Film critic Roger Ebert of the Chicago Sun-Times awarded the film four out of four, and wrote that the film "embodies the very soul of Italian neo-realism" and went on to say "Free of contrived melodrama and phony suspense, it ennobles the hard work by which its hero earns his daily bread" and "Bahrani, as director, not only stays out of the way of the simplicity of his story, but relies on it; less is more, and with restraint he finds a grimy eloquence."

Michael Wilmington of the Chicago Tribune liked the film and wrote a positive review saying "Ahmad's concerns — his sadness and his striving — become universal. Though his early-morning riser's world is gray and threaded with melancholy, it becomes, in the end, a place we recognize."

Dana Stevens of Slate wrote in her review "If one of the things movies are supposed to do is make you look anew at the world around you, you may never see your doughnut vendor in the same way again." This was also iterated by Jack Matthews of the New York Daily News who said "You'll think of him the next time you pass a cart."

Johnathan Rosenbaum of the Chicago Reader in his positive review said "it's a potent mood piece, and its portrait of urban loneliness has some of the intensity of Taxi Driver without the violence."

Time Out magazine wrote of the film saying, "What begins as a delineation of a man in a landscape becomes a study in sadness and stoicism, disorientation and even desperation, then finally, a delicate, rewarding and cliché-free enquiry into the complex heart of the lone immigrant experience."

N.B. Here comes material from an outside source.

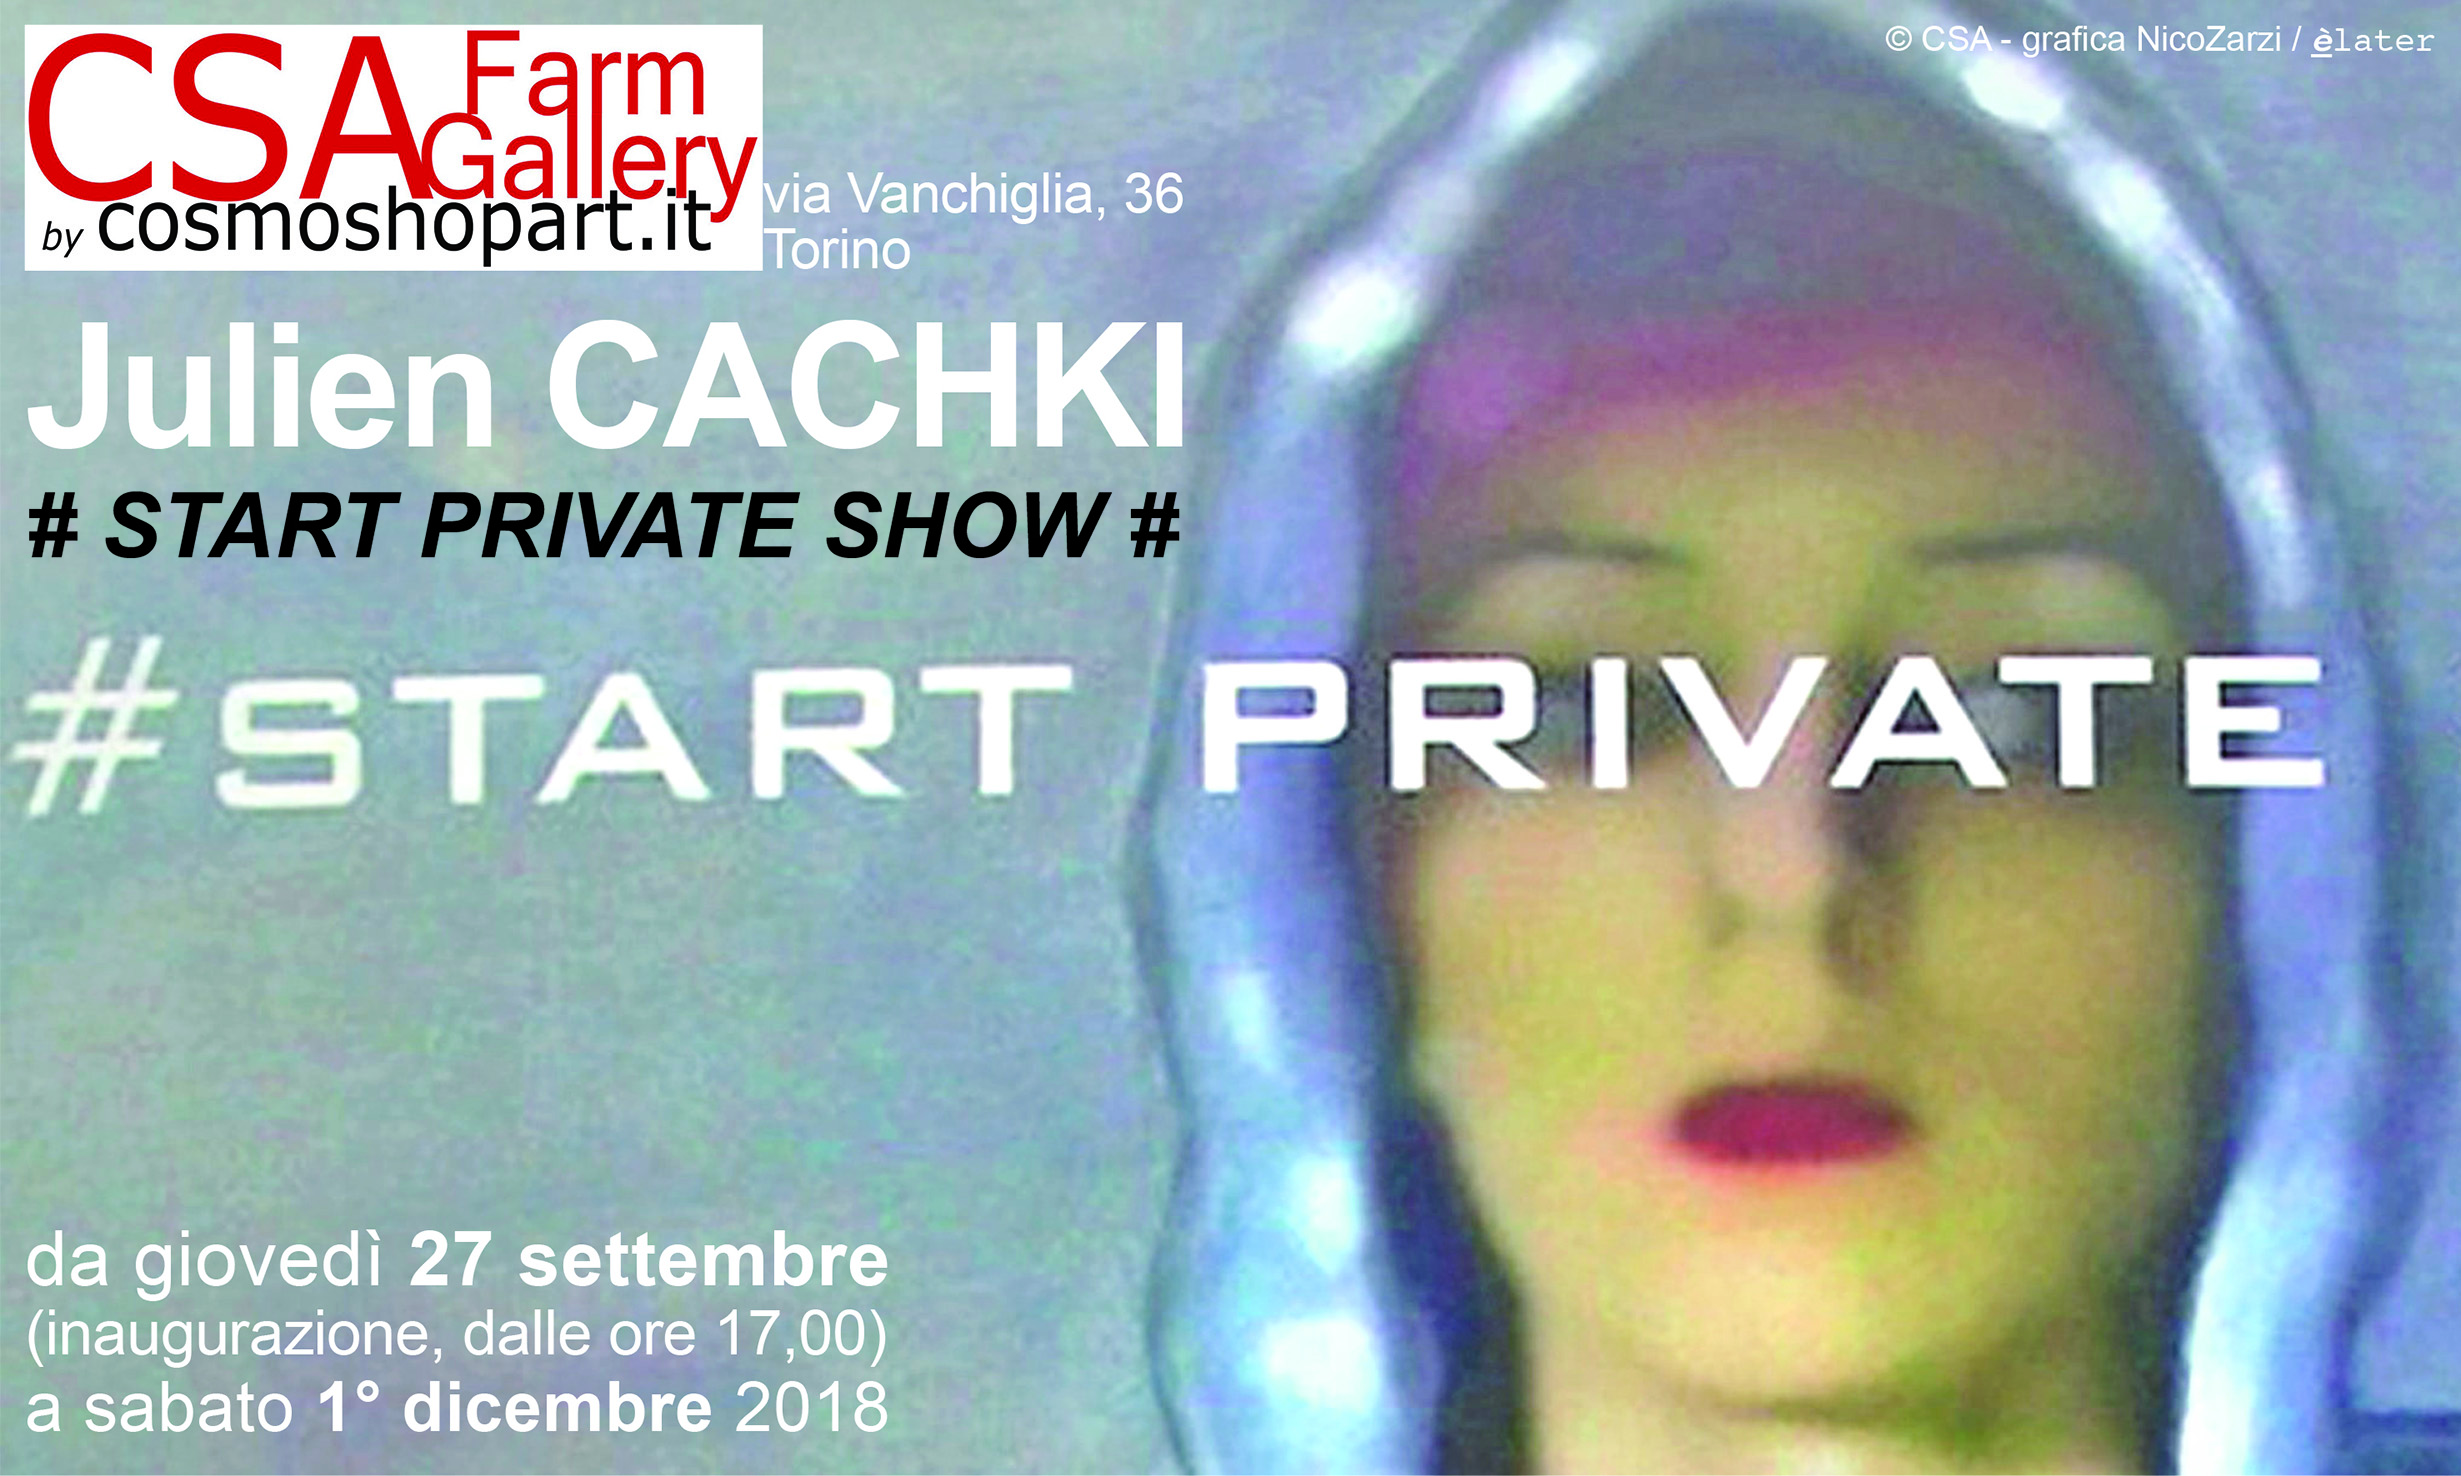 Julien Cachki - # Start Private Show # - 27/09-01/12/2018 © aut. / CSAFarm / Cosmoshopart - grafica NicoZarzi / èlater

Stephen Holden of The New York Times liked the film and gave it a positive review saying "Man Push Cart is an exemplary work of independent filmmaking carried out on a shoestring. Mr. Razvi’s convincing performance is a muted portrait of desolation bordering on despair."

Kevin Thomas of the Los Angeles Times wrote "It's by no means an exaggeration to describe this quietly powerful film as Bressonian."

==Awards==
The film had its world premiere at the 2005 Venice Film Festival. It entered the 2006 Sundance Film Festival and won the Fipresci Critic's Award at the London Film Festival. It was nominated for three Independent Spirit Awards and was on Roger Ebert's list of the top 10 movies of 2006.